Most anarchist organisations join in efforts to achieve positive reforms and support disturbances intended to foster revolution; so far as these activities go they might as well call themselves liberals, socialists or communists, according to what they are doing at the moment. They are marked out as anarchists by a feature which no other movement exhibits: Repudiation of government and the state, the insistence that no change can be more than palliative so long as these things persist. Present society cannot effectively be reformed or even revolutionised, it has to be rejected, a fresh start made on different principles; human choice will reach its maximum only when the state no longer exists.

Setting out with this on their banners the anarchists run up against an almost unbroken wall of dismissal, for divided though they are in other ways, non-anarchists unite in accepting or supporting the state. Many of them have never encountered anarchism, but when they do they almost invariably reject it, and they do this because it would impose restraints upon them. Present society offers a vast array of choices, highly valued by poor as well as rich, that in an anarchist society would not be available. Declaring their intention to widen choice the anarchists attempt to eliminate many options, and the pamphlet before us is one of the few anarchist publications to acknowledge this: ‘to prevent a person from acting coercively is to limit that person’s choices.’
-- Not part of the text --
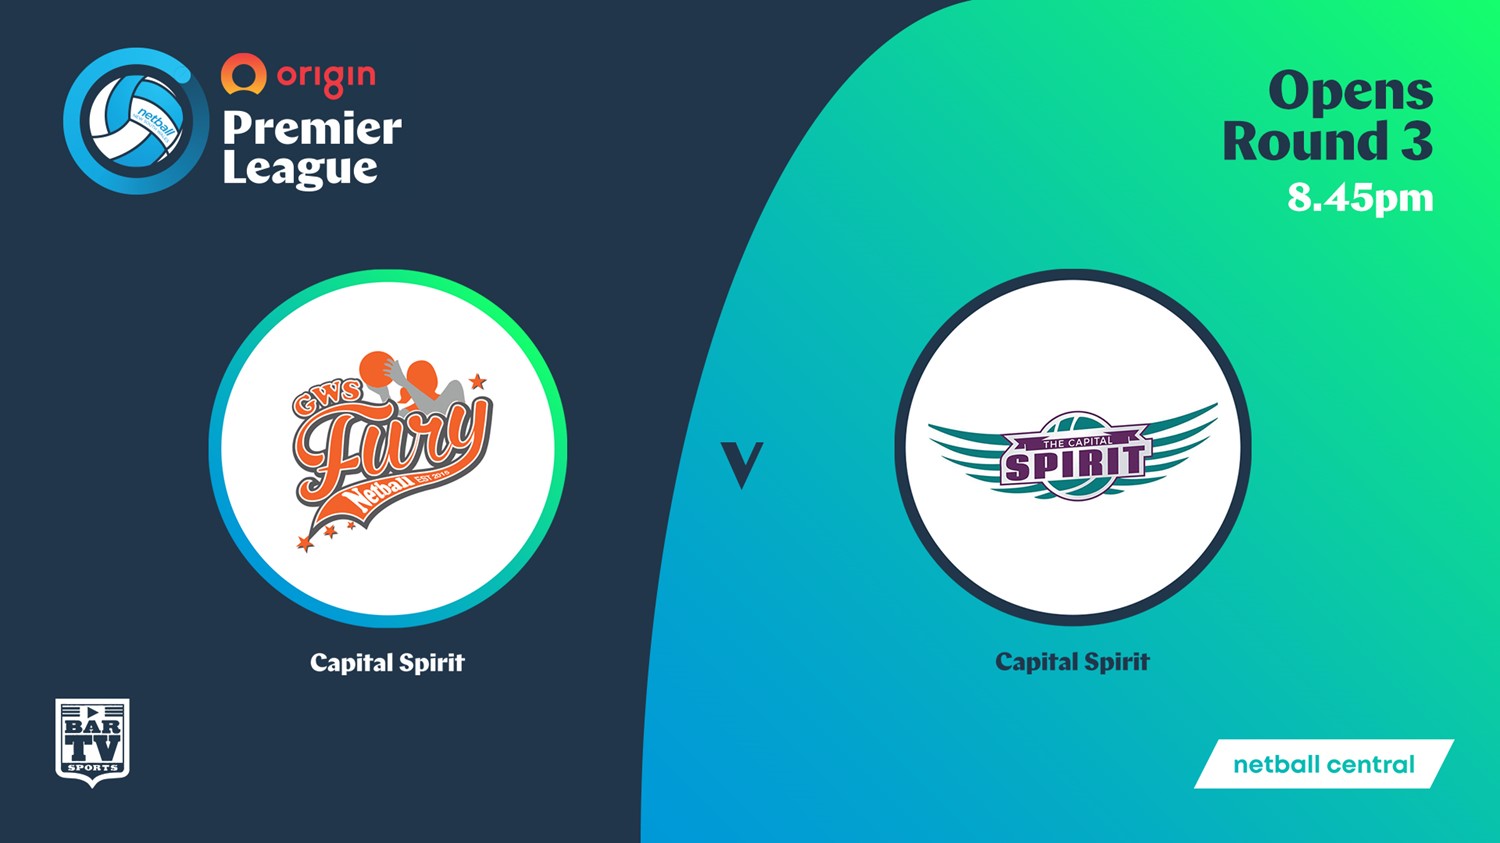 NSW Prem League Round 3 - Opens - GWS Fury v Capital Spirit Minigame Slate Image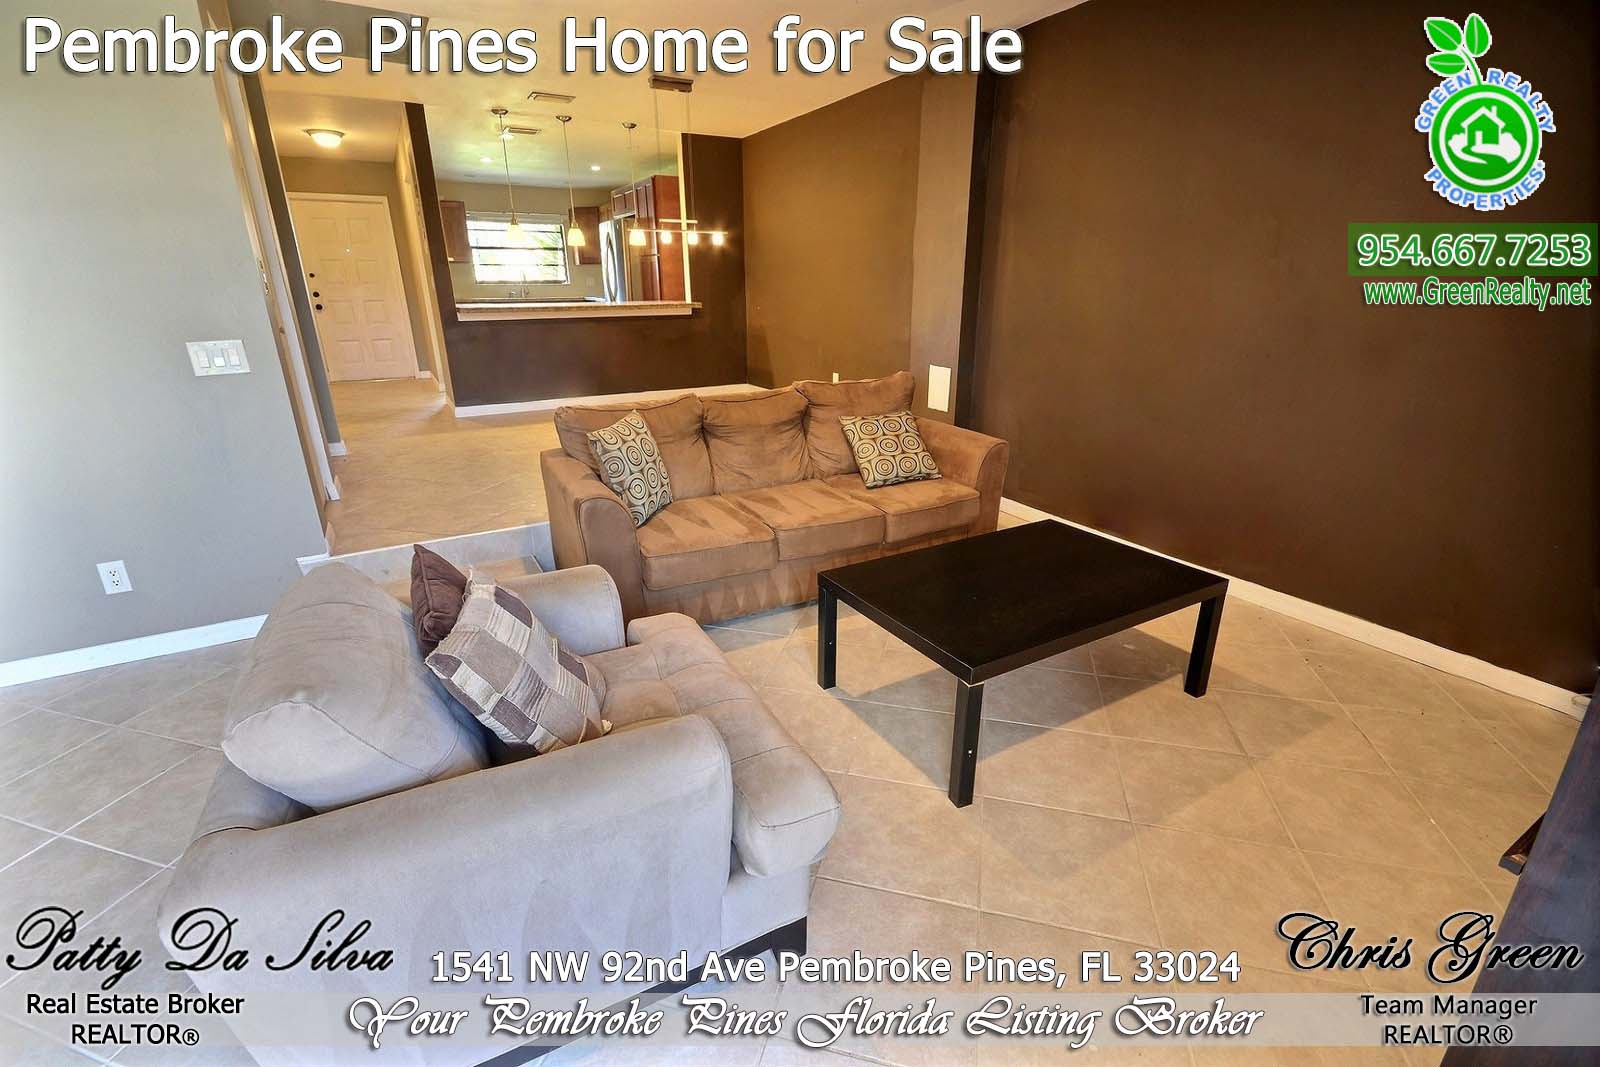 Pembroke Pines Real Estate For Sale

The standard anarchist response to this argues that coercive choices interfere with the freedom of others; the movement supports only those which do not do this. It sounds sensible – until you start to wonder which these choices are, that do not interfere with the freedom of others. Then it quickly appears that every choice worth arguing about does interfere. Once more What is Anarchism? moves beyond accepted dogma, recognising that anarchy cannot bring freedom from coercion: ‘It is only the absence of government, or coercive establishments.’ (Emphasis added). The standard anarchist argument, that in a stateless society people seeking to interfere with the freedom of others would be restrained by the community, is in fact an acceptance of the need for coercion, but one that its proponents seldom recognise for what it is.

Everything real is (at least) two-sided; no principle can maintain itself in the total absence of its contrary. In order to maintain the freedom anarchists value an anarchist society would have to maintain also coercion, and What is Anarchism? is among the few anarchist publications to recognise this.

from Ideological Commentary 59, February 1993.